FIGURE 3.1: NET PRIMARY PRODUCTIVITY (NPP), GREAT BARRIER REEF REGION, 2002-03 to 2012-13, Percentage Change (%)

The indicator used to measure vegetation condition is mean grams of carbon assimilated per square metre per day (g C/ m² / day). Table 3.5 below shows the index values for each NRM Region in the GBR Region.

TABLE 3.5: VEGETATION CONDITION, BY NRM TERRESTRIAL REGION, GREAT BARRIER REEF REGION, 2000-01 to 2011-12, Index (2000-01 = 100)


	2000-01	2000-01	2001-02	2002-03	2003-04	2004-05	2005-06	2006-07	2007-08	2008-09	2009-10	2010-11	2011-12
NRM Region	g C/m²/day	points	points	points	points	points	points	points	points	points	points	points	points

Burdekin	1.70	100	68	53	63	50	72	73	106	106	95	131	100
Burnett Mary	1.90	100	87	105	116	93	101	72	117	114	110	148	125
Cape York	2.12	100	99	82	88	91	90	103	99	104	88	111	99
Fitzroy	1.84	100	71	80	82	69	81	64	119	107	108	151	112
Mackay Whitsunday	3.59	100	89	74	84	75	83	87	99	90	88	93	97
Wet Tropics	3.11	100	102	91	91	95	93	102	104	106	96	100	98
Total GBR Region	2.38	100	88	81	88	80	87	86	106	103	96	117	103

g C/m²/day — grams of carbon per cubic metre per day
Source: Haverd et al., 2013b

There are large differences between NRM Regions in terms of the amount of carbon assimilated per square metre. For example, the Mackay Whitsunday NRM Region assimilated more than twice the carbon per square metre than the Burdekin NRM Region in 2000-01. On the one hand, the vegetation condition of the Burnett Mary NRM Region has improved by 25 per cent over the reference period, and the Fitzroy NRM Region by 12 per cent. On the other hand, the condition of the Mackay Whitsunday NRM Region decreased by three per cent in the same period.

LIST OF REFERENCES

CSIRO (2014) Assessment of freshwater ecosystem condition, status and trends in the Wet Tropics region. Supporting study to the Wet Tropics Water Quality Improvement Plan.
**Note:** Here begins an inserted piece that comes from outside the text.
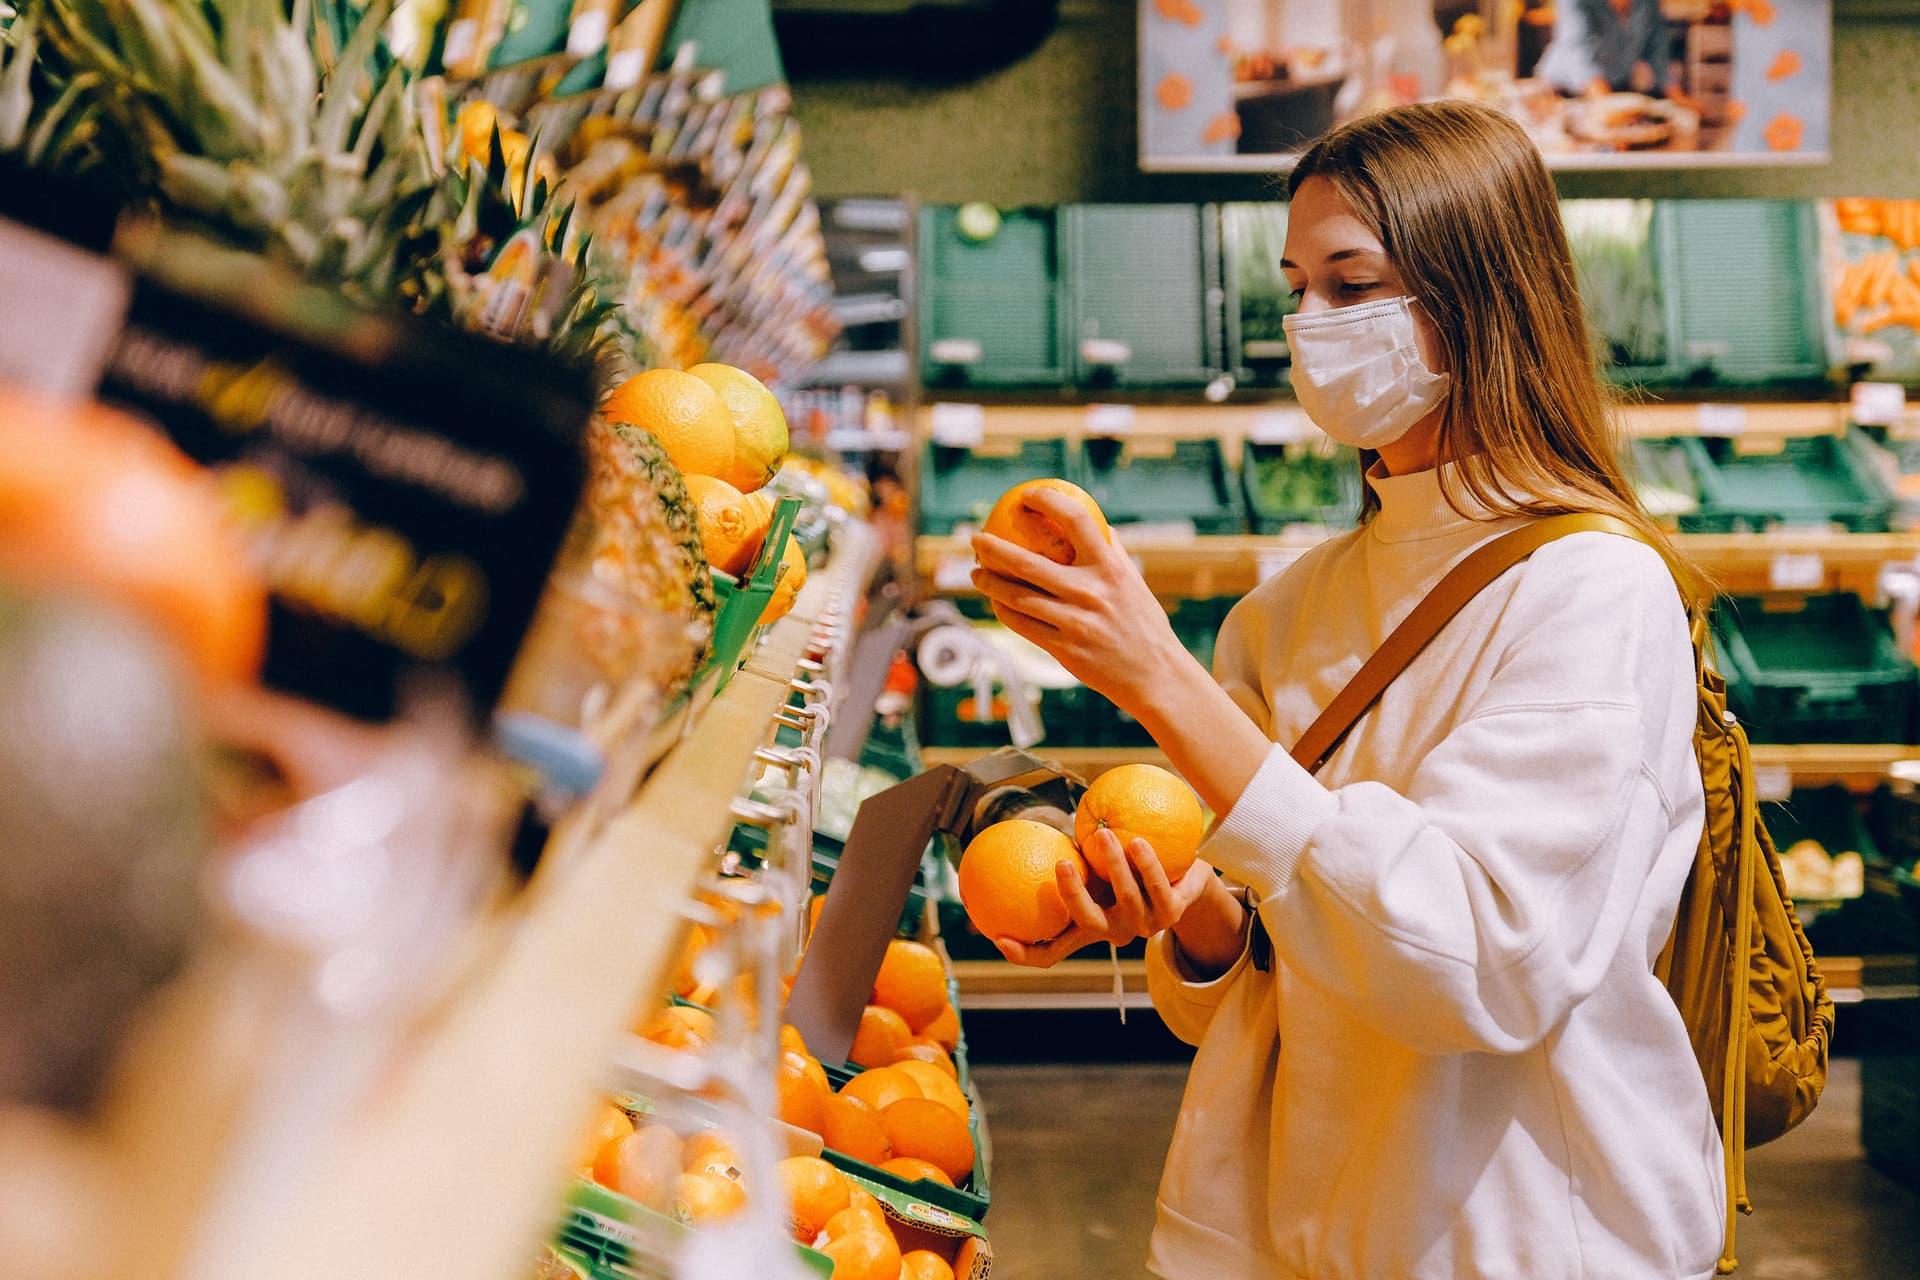 Frau mit Maske in Obstabteilung

Canberra: Commonwealth Scientific and Industrial Research Organisation (CSIRO).

DSITIA (2013) Total suspended solids, nutrient and pesticide loads (2010-2011) for rivers that discharge to the Great Barrier Reef Great Barrier Reef Catchment Loads Monitoring 2010-2011. Brisbane: Queensland Department of Science, Information Technology, Innovation and the Arts (DSITIA).

Haverd, V. et al. (2013a) 'Multiple observation types reduce uncertainty in Australia’s terrestrial carbon and water cycles', Biogeosciences, Vol. 10, No. 3 (March), pp.2011–2040.

Haverd, V. et al. (2013b) 'The Australian terrestrial carbon budget', Biogeosciences, Vol. 10, No. 3 (February), pp.851–869.

Joo, M. et al. (2012) 'Estimates of sediment and nutrient loads in 10 major catchments draining to the Great Barrier Reef during 2006–2009', Marine Pollution Bulletin, Number 65, pp.150-166.

Kroon, F.J. et al. (2012) 'River loads of suspended solids, nitrogen, phosphorus and herbicides delivered to the Great Barrier Reef lagoon', Marine Pollution Bulletin, Number 65, pp.167-181.

Turner, R. et al. (2012) Sediment, Nutrient and Pesticide Loads: Great Barrier Reef Catchment Loads Monitoring 2009-2010. Brisbane: Queensland Department of Science, Information Technology, Innovation and the Arts.

Wallace, R. et al. (2014) Total suspended solids, nutrient and pesticide loads (2011–2012) for rivers that discharge to the Great Barrier Reef – Great Barrier Reef Catchment Loads Monitoring Program 2011–2012. Brisbane: Queensland Department of Science, Information Technology, Innovation and the Arts.